When factoring in turnout that puts approximately 5500 voters in Springfield and 4800 in Chicopee and West Springfield. That suggests an edge for Edwards still, however, by no means a commanding a one. He would need to win Springfield by a overwhelming margin to overcome an expected sharp loss in West Springfield and an unknown outcome in Chicopee. Should these projected turnouts hold up, Welch could lose Springfield to Edwards 60-40% and still win if he does better than 60% in West Springfield & Chicopee.

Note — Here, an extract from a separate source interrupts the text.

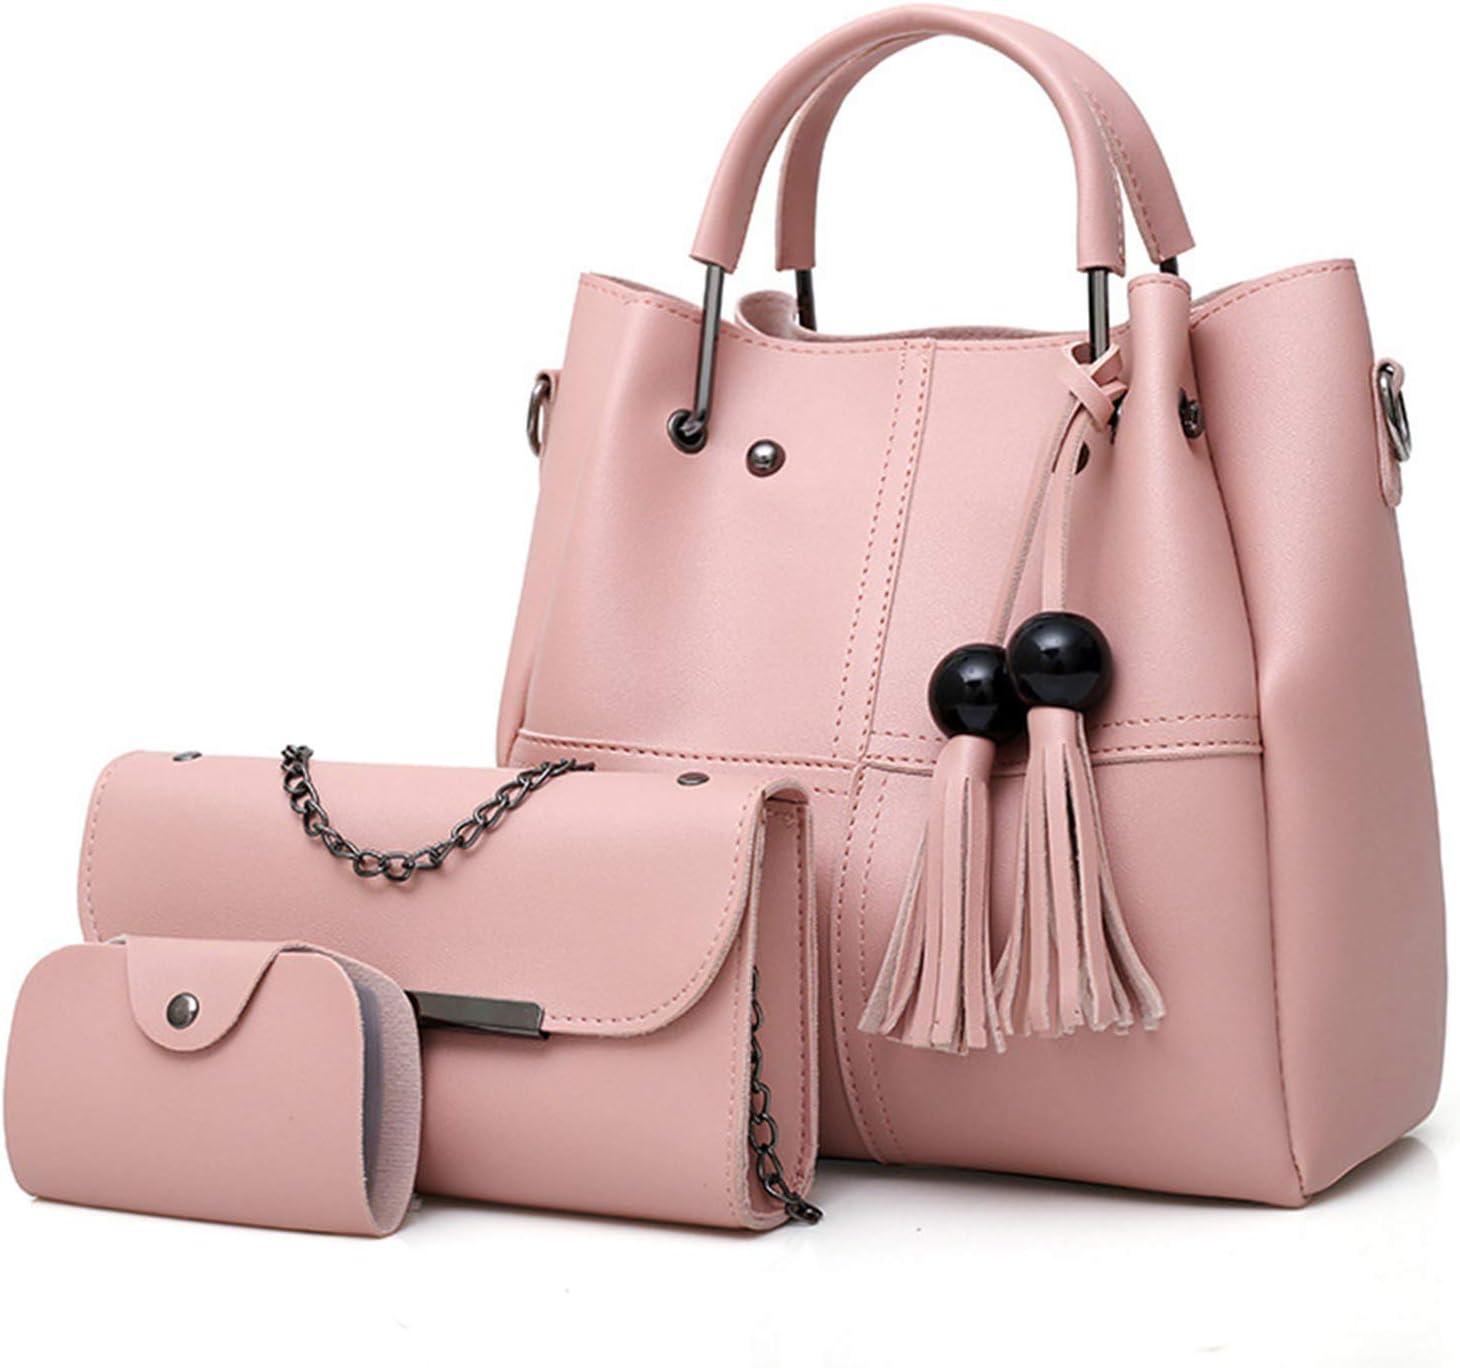 BAFEYU Finally popular brand Women's Handbags Fashion Manufacturer regenerated product PU Wallet Women Leather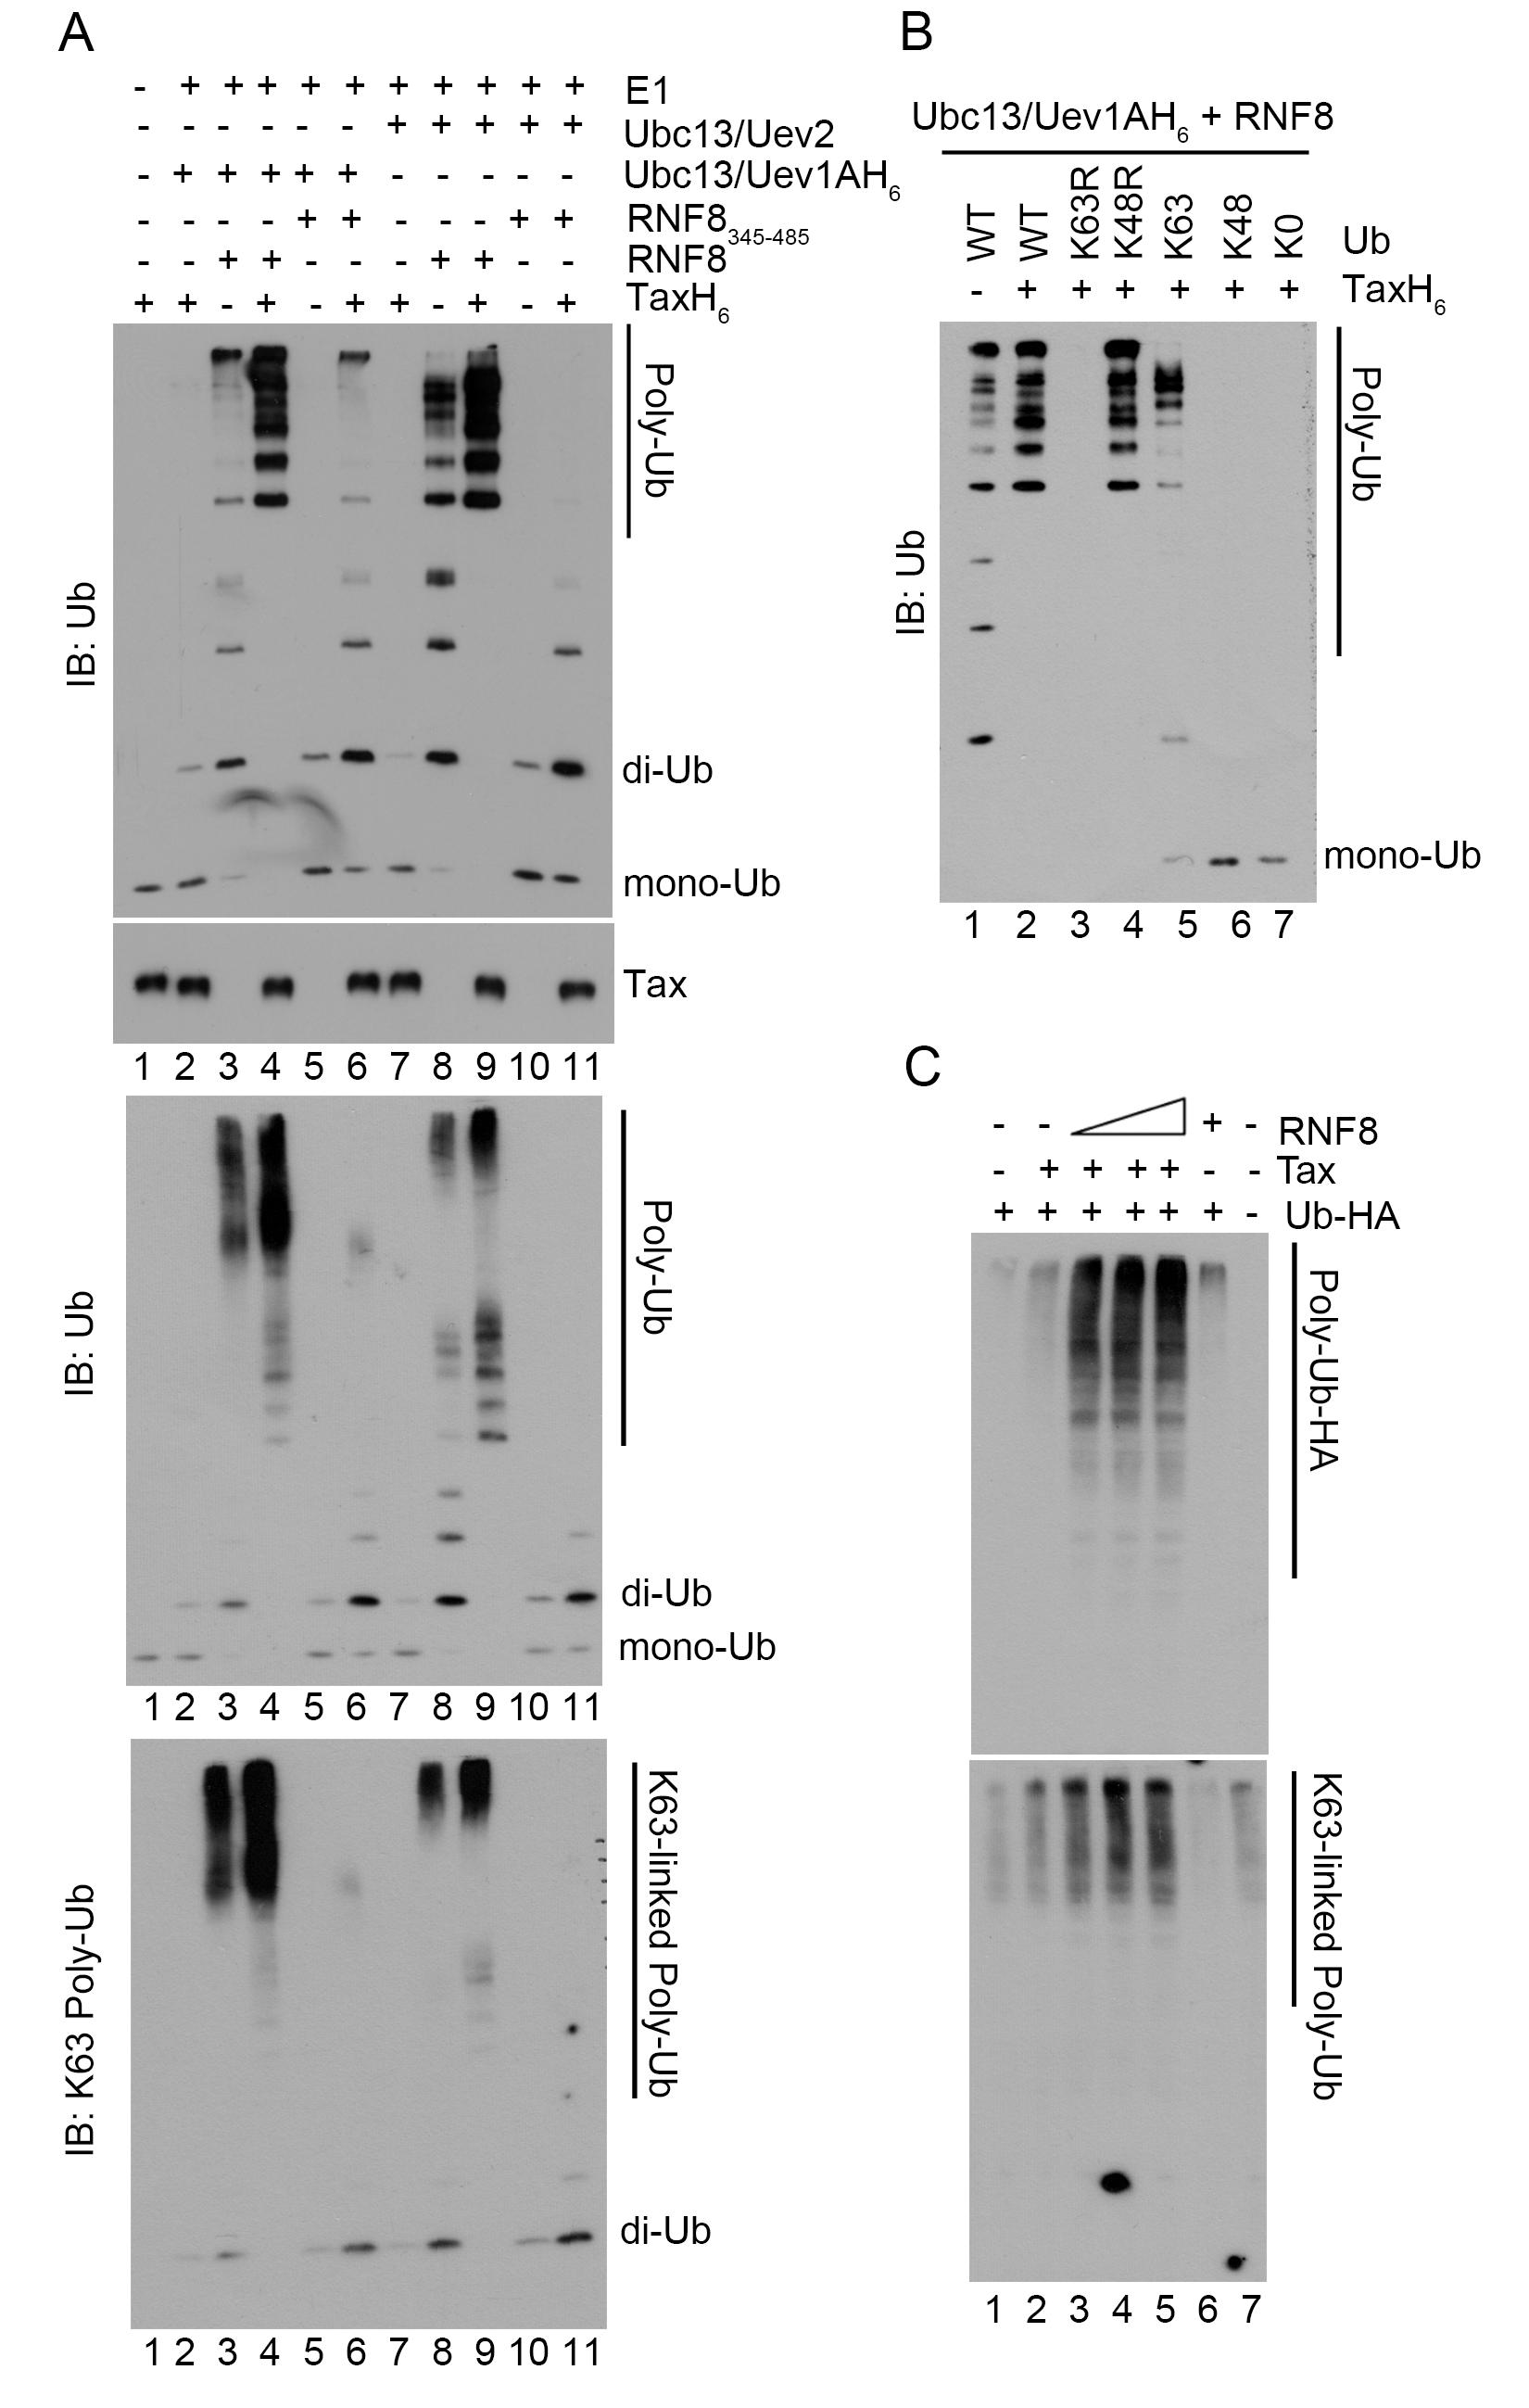 Tax stimulates RNF8 and Ubc13:Uev1A/2 to assemble long K63-pUb.

Edwards claims grassroots supporters to be on his side, but Welch has support from SEIU, the Massachusetts Teachers Association and the AFL-CIO, which can mobilize workers, including from within communities of color. Welch’s campaign has also gone on radio and TV and sent our mailers. Additionally, Orlando Ramos, an aide to Welch, ran for City Council in Ward 8. Although defeated by John Lysak both times, Ramos may, too, have a coalition that can pull votes for Welch that might otherwise go Edwards.
Returning to the complications of a Thursday primary, the impact favors Welch. Any voter on the street may be confused by voting on a Thursday, but the low-turnout precincts that Edwards will need to win will probably feel the impact disproportionately. However, that could be counteracted by deliberate efforts by Richard Neal’s campaign to drum support in the congressman’s hometown and deliver a blowout victory in the primary for the 1st Congressional District.
Complicating matters further has been Edwards’s absence from the campaign trail while he recovered from surgery. Representatives of his campaign did not stop, and indeed represented Edwards at forums and other events. However, nothing replaces the candidate himself.
Nothing is determinative, however. If the Edwards campaign has organized as well as it claims to have, it may be able to overcome its tremendous fund raising disadvantage. At the same time, Welch has clearly grown in his time in the senate and reached further out into the city that is not his home. Based on the empirical data alone, the funds and the turnout regime, the odds favor Welch slightly. Of course, in a race with so many unknowns, anything can still happen.